The Go implementation provides practical advantages for security teams. The compiled binary is statically linked with no runtime dependencies, making it trivial to deploy to jump boxes, bastion hosts, or include in security scanning pipelines. Go's networking stack handles the TCP connection lifecycle cleanly, and the language's byte-slice manipulation capabilities make binary protocol implementation more pleasant than in higher-level languages. The tool can be invoked in shell scripts, integrated into CI/CD security gates, or wrapped in orchestration tools for scanning entire network ranges.

Gotcha

The primary limitation is temporal relevance. CVE-2020-1938 was disclosed over four years ago, and any reasonably maintained Tomcat installation should have been patched by now—either through vendor updates or by disabling the AJP connector entirely. Running this scanner in 2024 is more of an archaeology expedition than active threat hunting. If you're still finding vulnerable instances, you have much bigger problems than detection tooling.
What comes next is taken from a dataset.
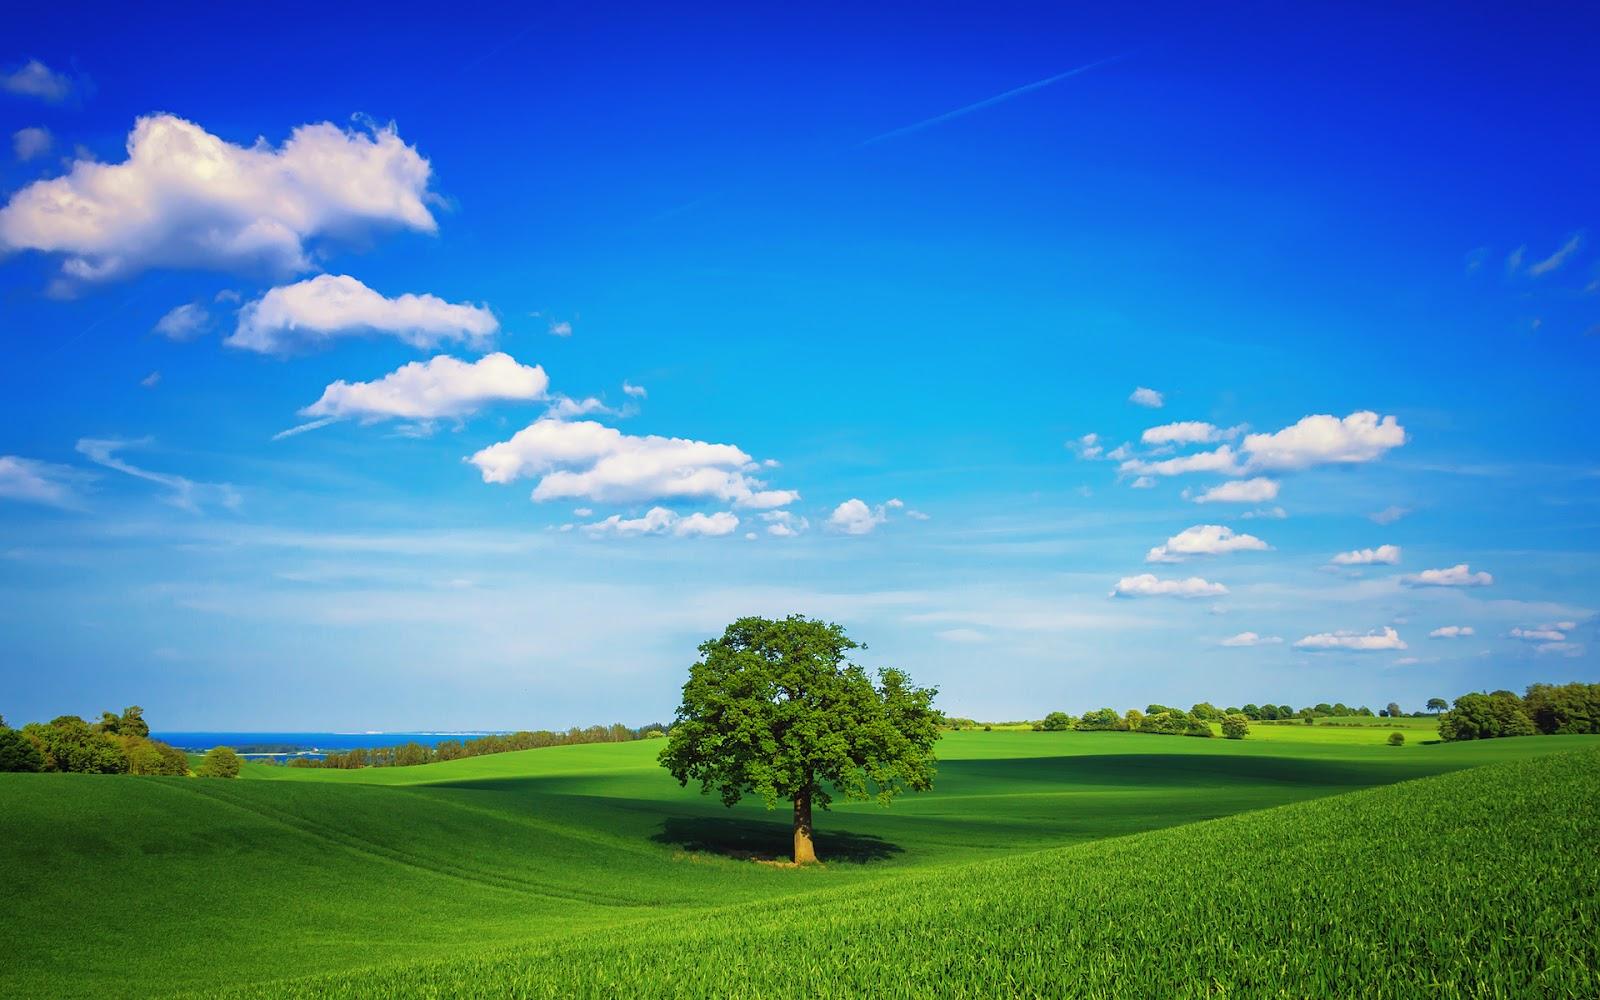 Hd wallpaper paisajes free download wallpaper dawallpaperz for Fondo de pantalla primavera
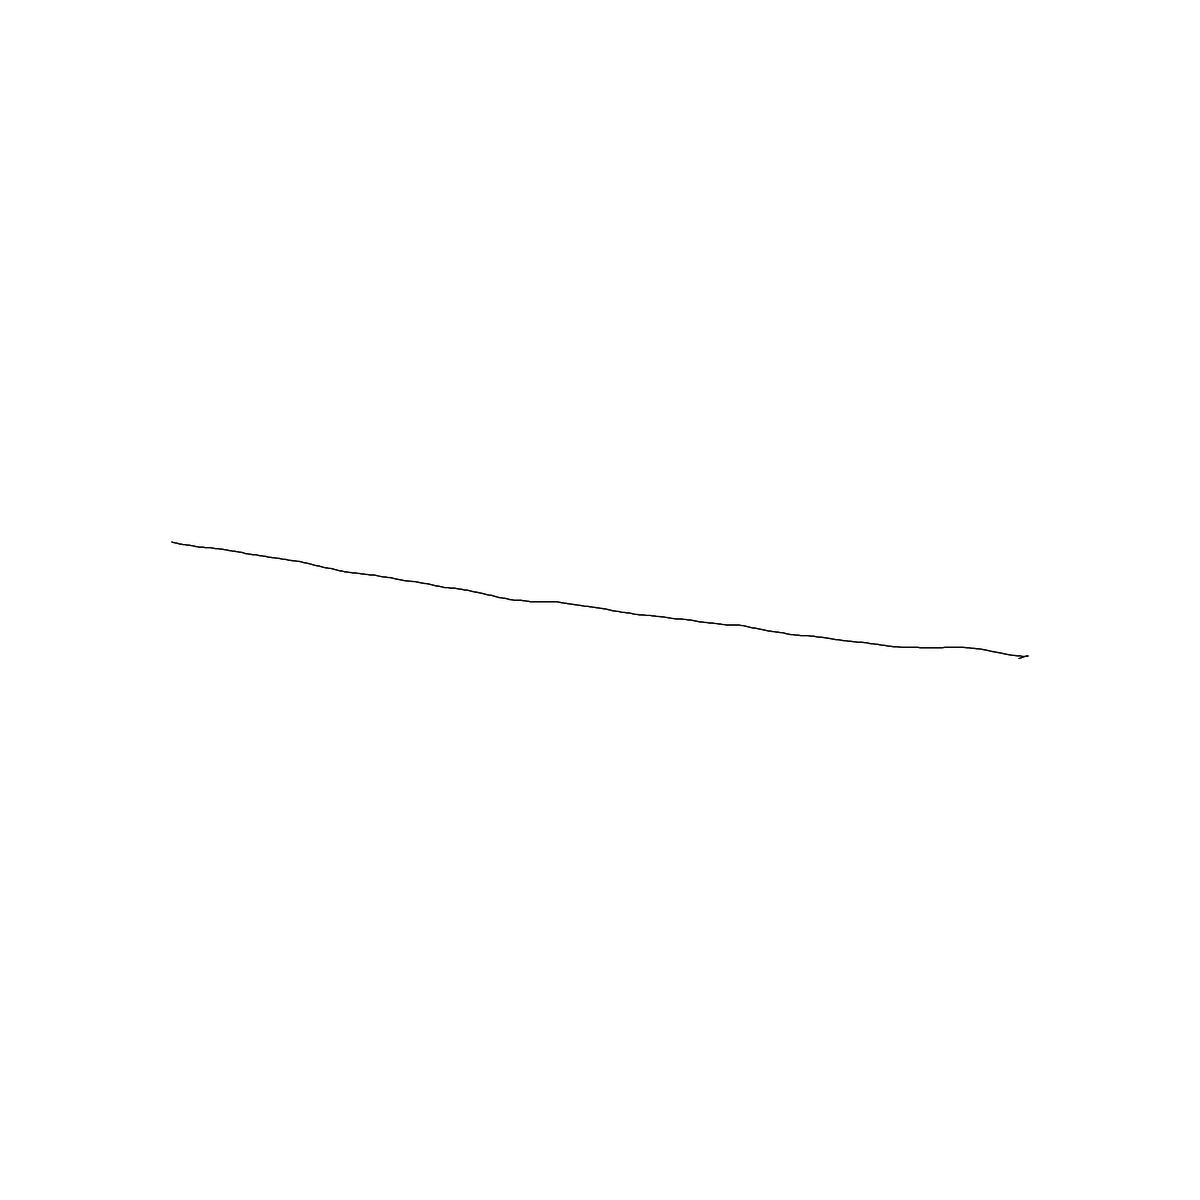 BAAAM drawing#23136 lat:35.7410469055175800lng: 51.3824844360351560

The repository's abandonment is another red flag. With only 7 stars, no documentation beyond what appears to be a screenshot, no test suite, and no apparent maintenance since creation, you're essentially trusting unvetted code to accurately implement a security-critical protocol. The AJP protocol has subtle edge cases—incorrect packet framing, improper attribute encoding, or botched response parsing could lead to false negatives where vulnerable servers appear safe. Without test coverage or community vetting, you can't have confidence in the results. For security tooling, this is unacceptable. You need provenance, testing, and ideally security researchers vouching for correctness. Modern alternatives like Nuclei templates have thousands of eyes on them and extensive validation. Additionally, running this tool requires direct network access to port 8009, which is often firewalled off from external networks in properly segmented environments, limiting its usefulness to internal network assessments.

Verdict

Use if: You're conducting internal network security audits on legacy environments where Tomcat instances might have been forgotten, you need a standalone binary with zero dependencies for air-gapped network scanning, or you're studying AJP protocol implementation for educational purposes and want a minimal Go example to dissect. It's also reasonable if you're specifically hunting for this CVE as part of red team exercises where you need quick, targeted checks. Skip if: You need production-grade security scanning with verifiable accuracy and maintenance, you're working with modern infrastructure where this vulnerability should already be patched, you require comprehensive Tomcat security assessment beyond this single CVE, or you need documented, tested tooling with community support. Instead, use Nuclei with updated CVE-2020-1938 templates, Metasploit's auxiliary scanner module, or better yet, deploy comprehensive vulnerability management solutions like Nessus or Qualys that include this check alongside thousands of others. For most organizations in 2024, this specific tool is a historical curiosity rather than a practical security utility.